What is the secret of the Boston Symphony Orchestra's wondrous playing these days? Can it be seniority? The fact that the orchestra is celebrating its 100th birthday? Hardly, since none of the players was around a century ago.

No, the reason must reside, as always, in the combination of superb musicians and a truly distinguished conductor. Last night in the Kennedy Center he was Sir David Colin Davis.

When Sir Colin conducts Berlioz -- and he has performed almost everything for orchestra that Berlioz wrote -- the result is a high degree of excitment based on authoritative insights. The overture "Les francs-juges" is a dramatic affair built on seemingly slight materials that grows into a structure of imposing proportions, decorated with brilliant coruscations of sound. The Boston brass were more than ordinarily impressive.

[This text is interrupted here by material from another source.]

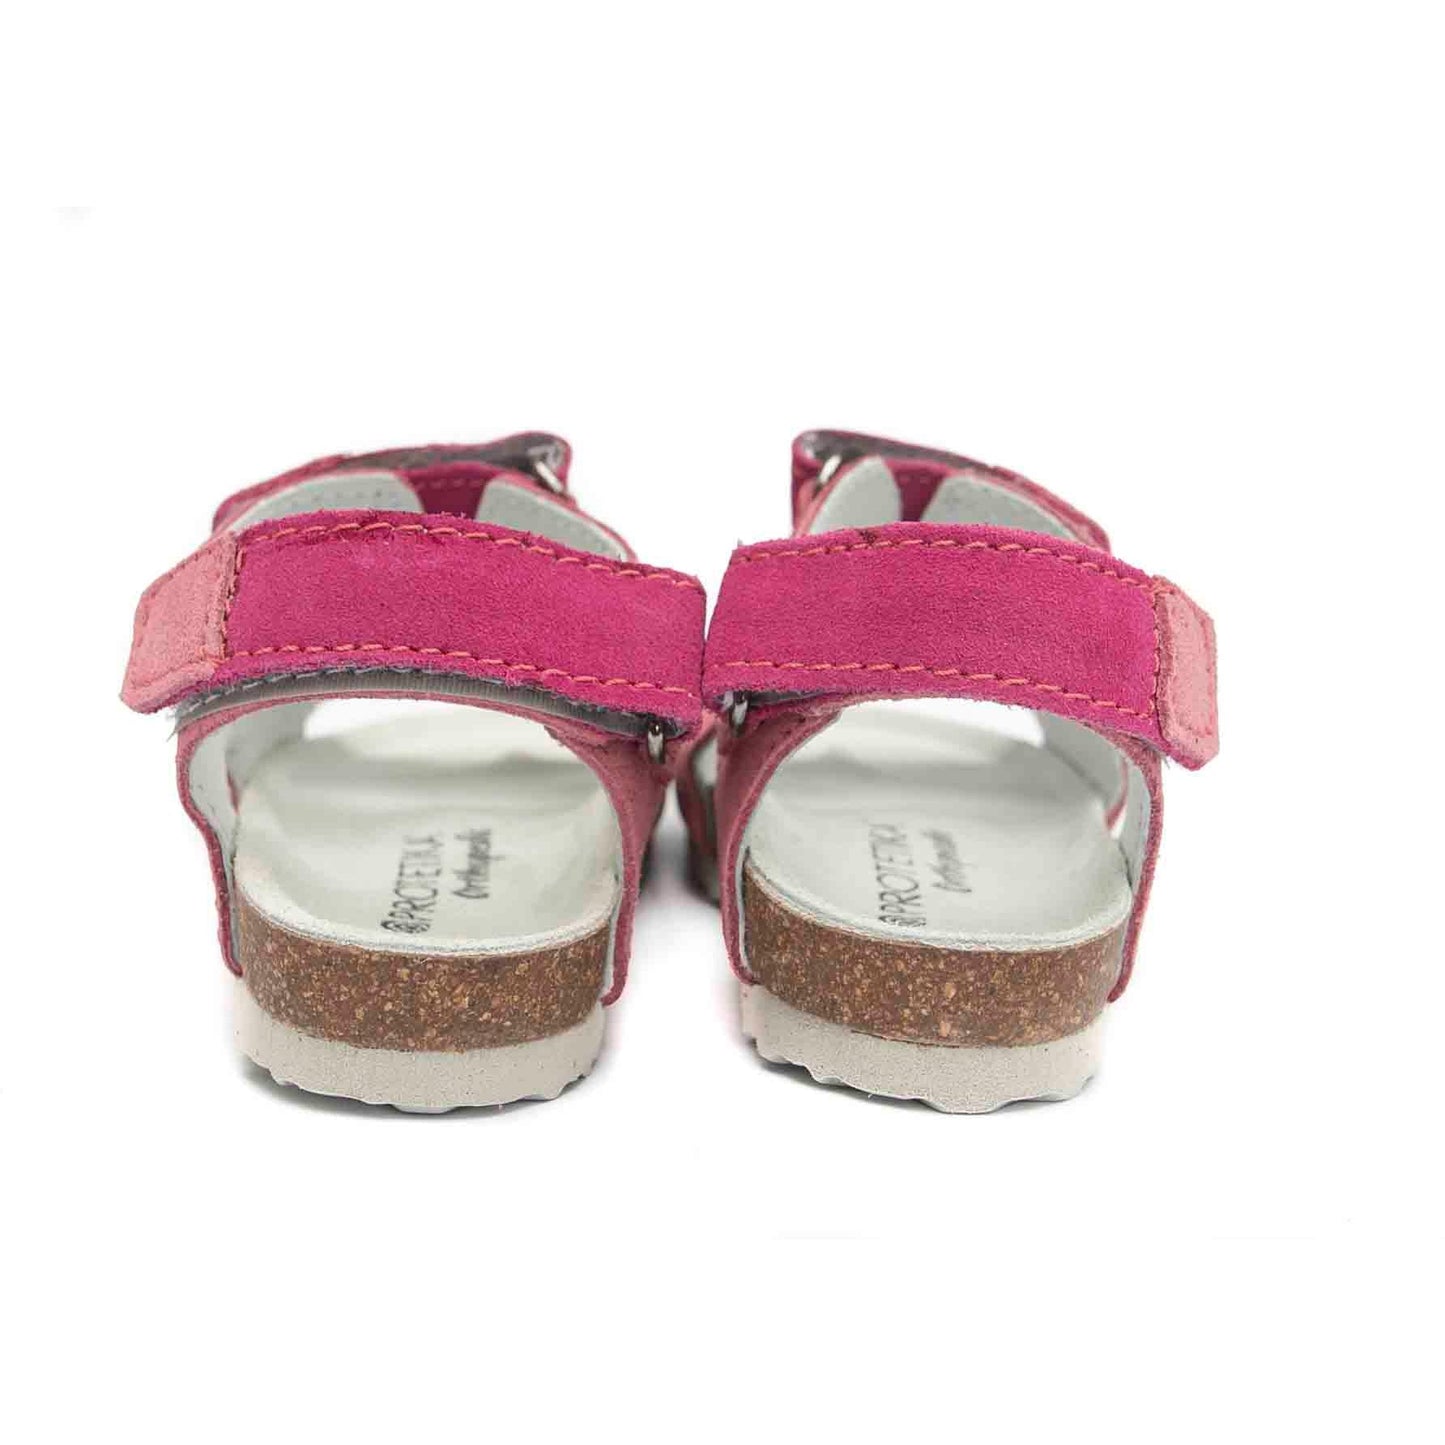 orthopedic older girls sandals  with open heel: T27: color pink - feelgoodshoes.ae
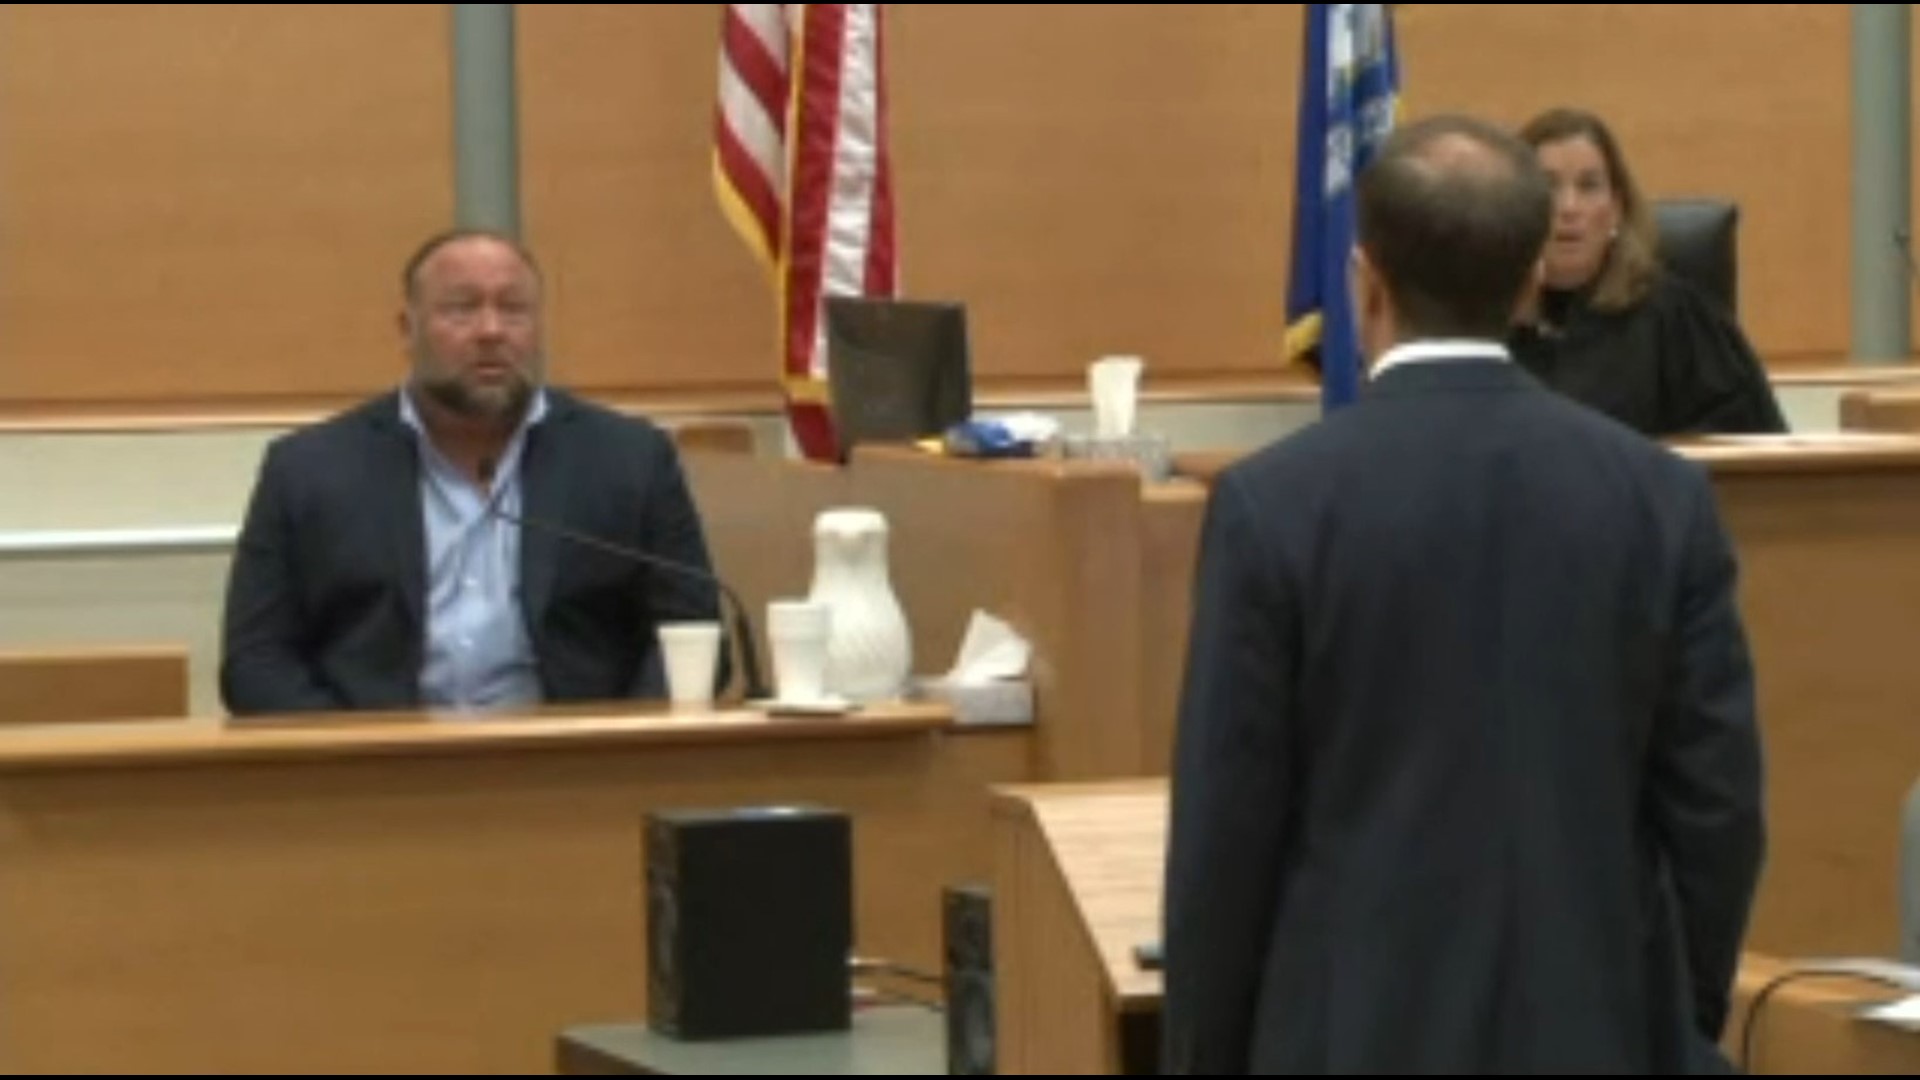 "And for years, you put a target on his back!" said Atty. Chris Mattei to Alex Jones on the stand

At the opposite end of the dynamic and textural scale, Ravel's Rapsodie Espangnole was all seduction, with muted strings sighing and exquisite woodwind solos. David held the orchestra in the palm of his hand to achieve subtle rhythmic and sonorous wonders.

For a finale there was the Second Symphony of Brahms. As it proceeded it sounded as if it had been written for the Bostonians: ideally balanced choirs, and conducting that enlivened while remembering to relax at the right times. At the last, the coda with trumpets blazing was a reminder of all the beauty that had preceded it. It was one of the season's most rewarding concerts.